_Goal of the exercise:_ Please transcribe only the lines from the one holding "新版行政执法证件标识卡样式（适用于市级行政执法部门）.png" through the final line of the data, both included, with no pictures.

_Provided data:_
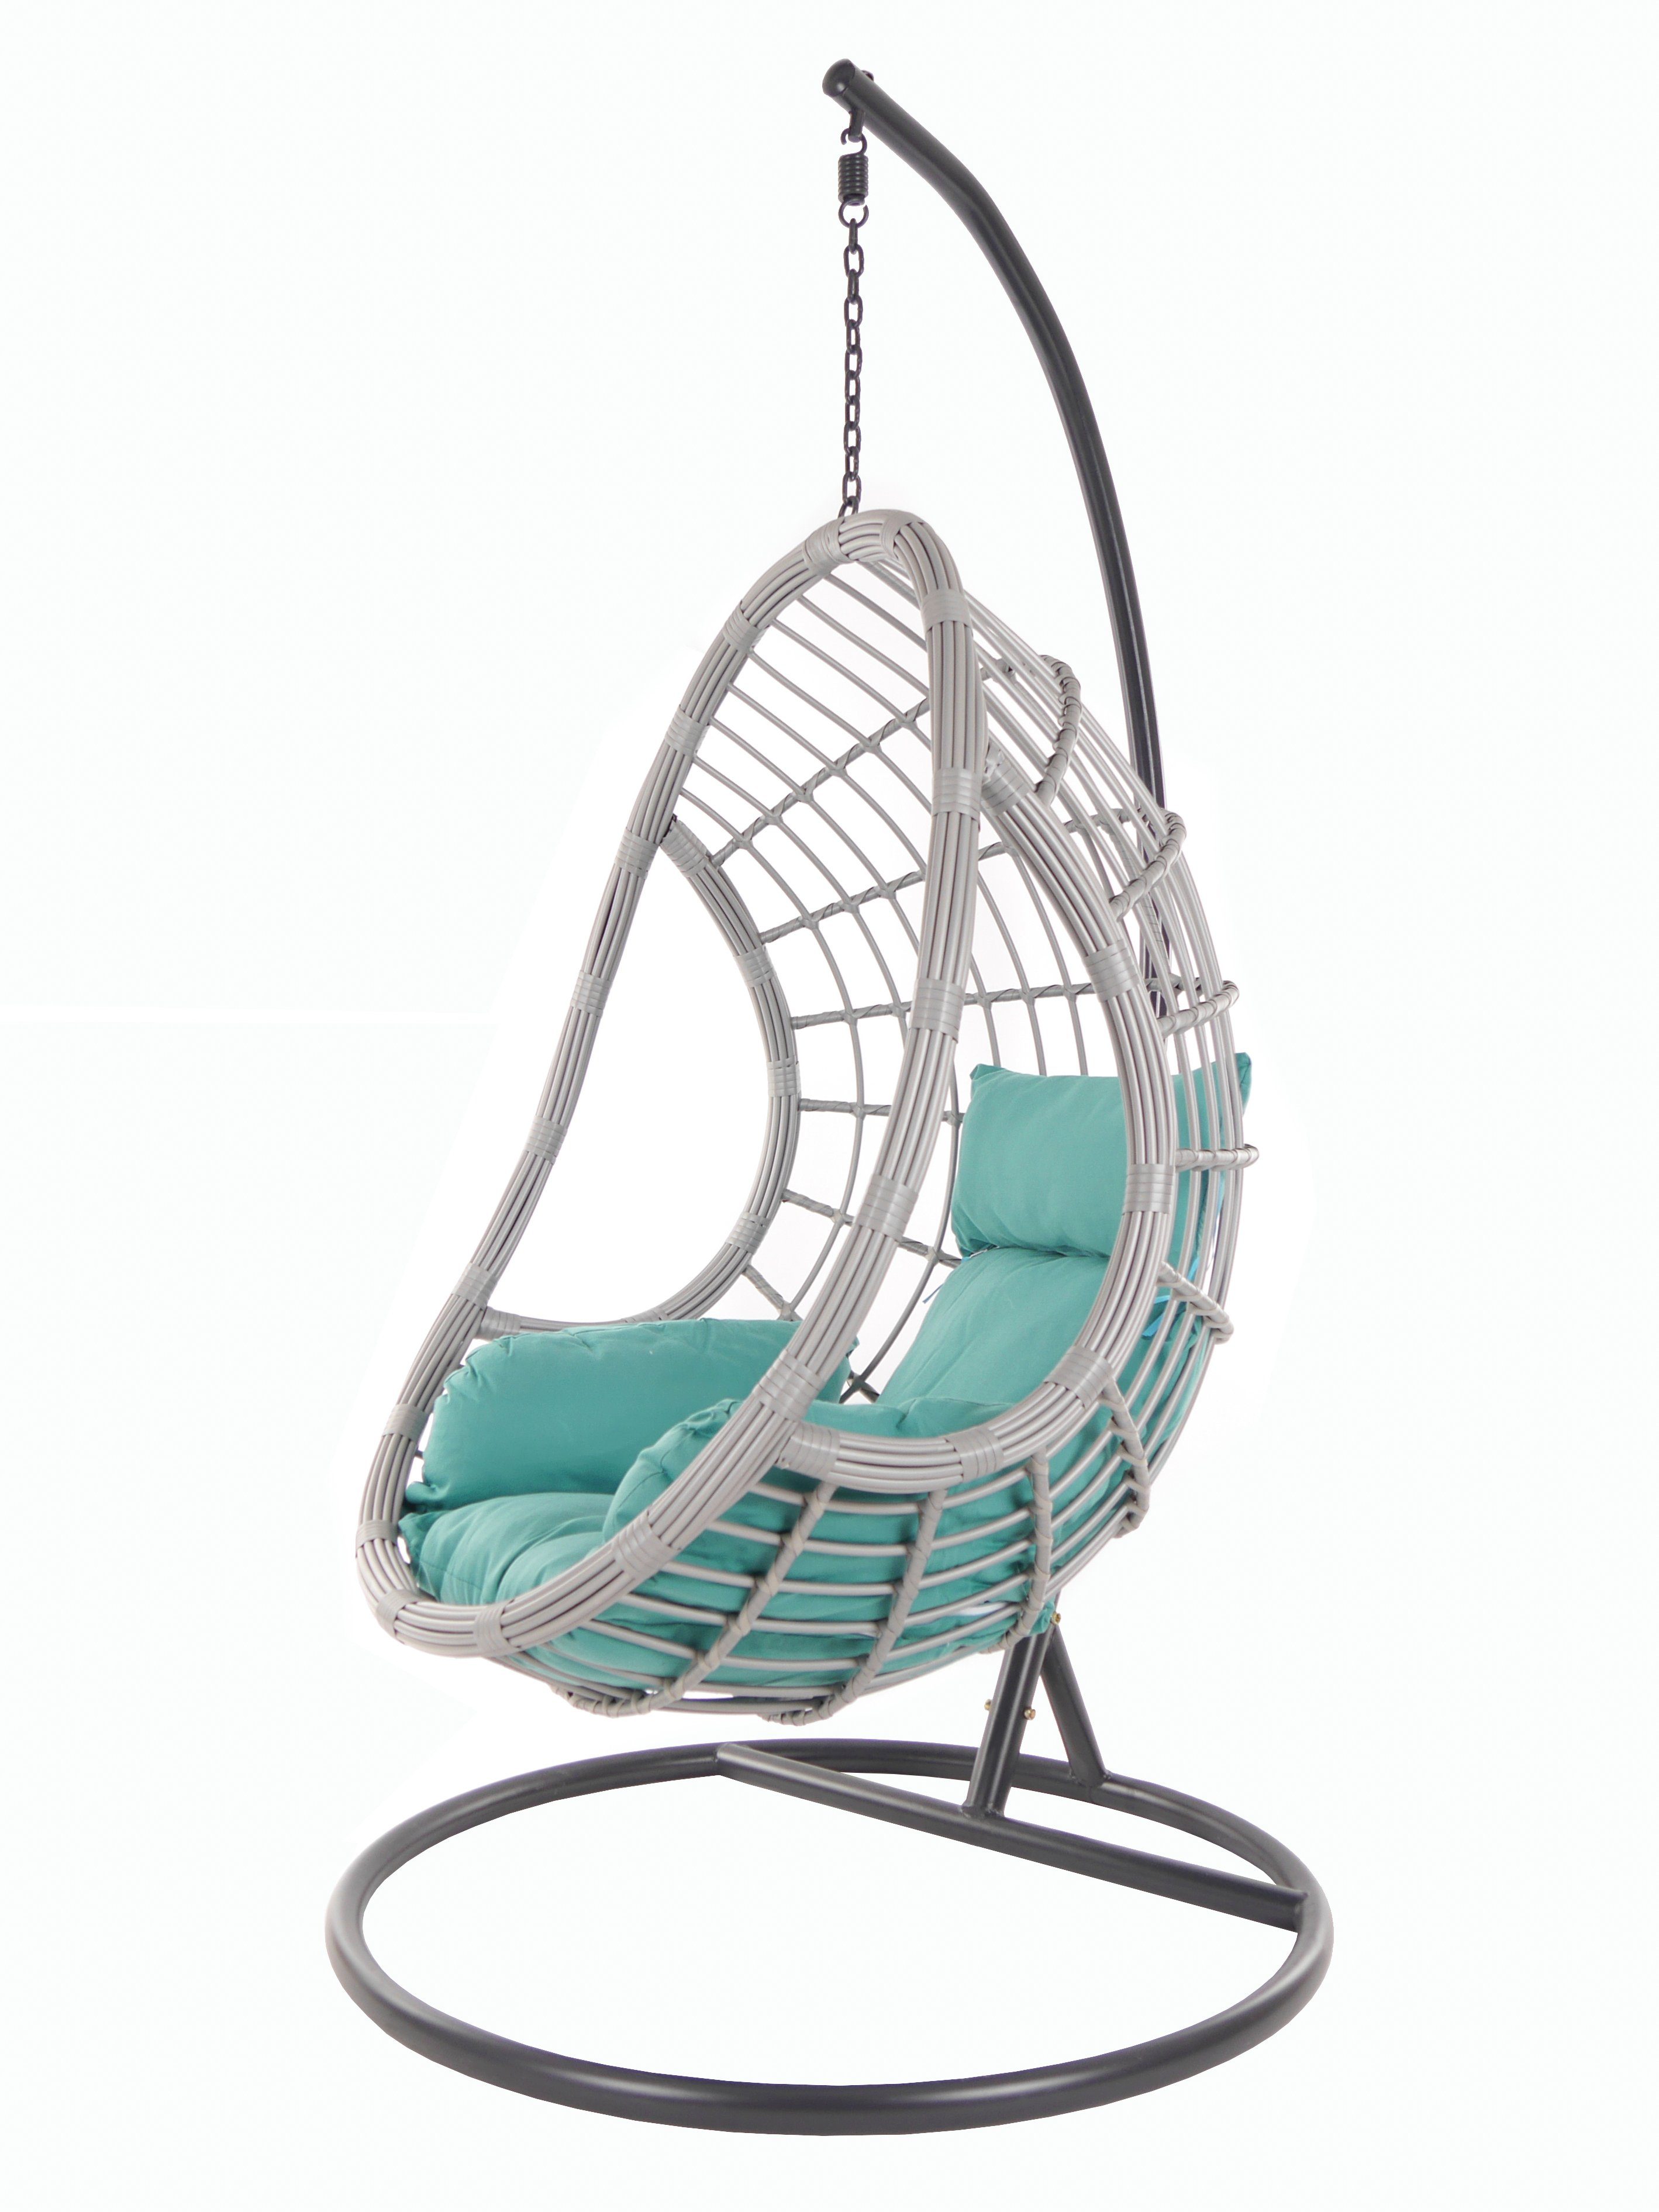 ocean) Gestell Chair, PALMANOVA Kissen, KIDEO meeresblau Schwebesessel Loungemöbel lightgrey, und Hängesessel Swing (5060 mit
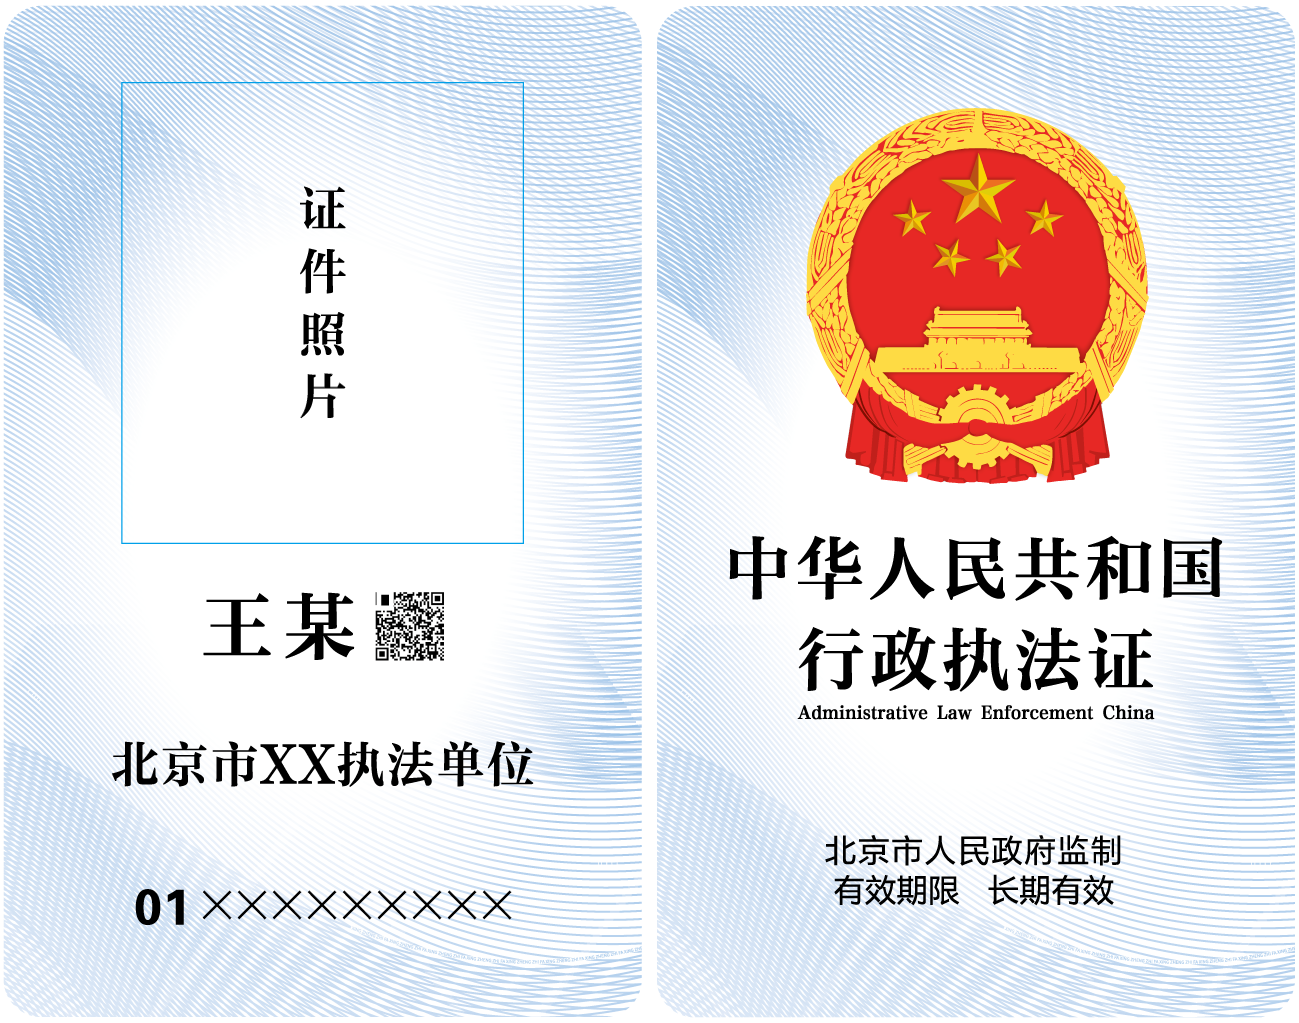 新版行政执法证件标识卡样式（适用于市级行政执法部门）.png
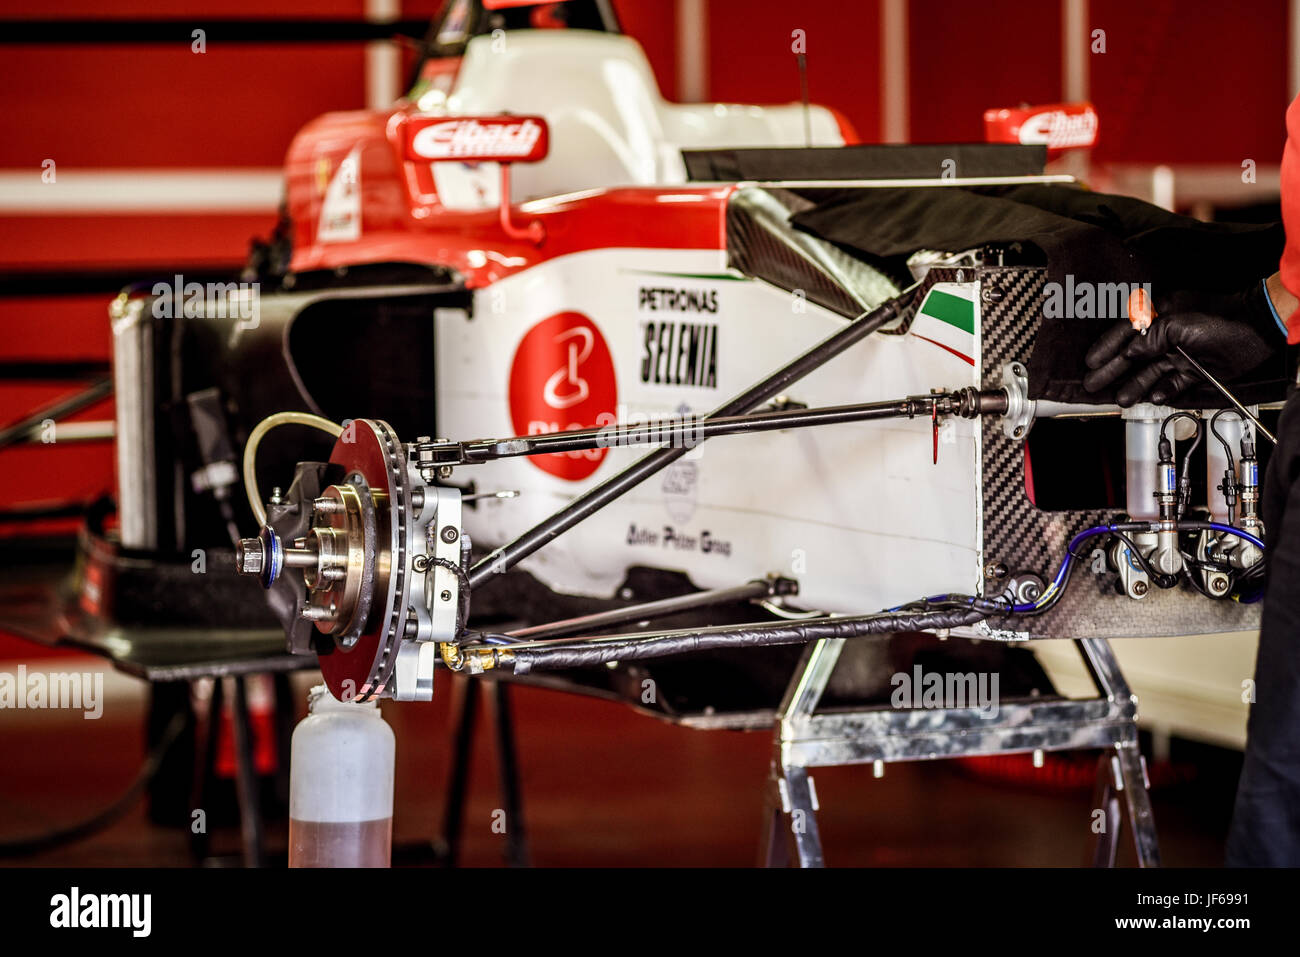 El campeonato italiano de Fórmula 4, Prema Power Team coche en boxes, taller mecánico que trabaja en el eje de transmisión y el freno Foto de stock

_Exercise solution:_
 新版行政执法证件标识卡样式（适用于市级行政执法部门）.png
 El campeonato italiano de Fórmula 4, Prema Power Team coche en boxes, taller mecánico que trabaja en el eje de transmisión y el freno Foto de stock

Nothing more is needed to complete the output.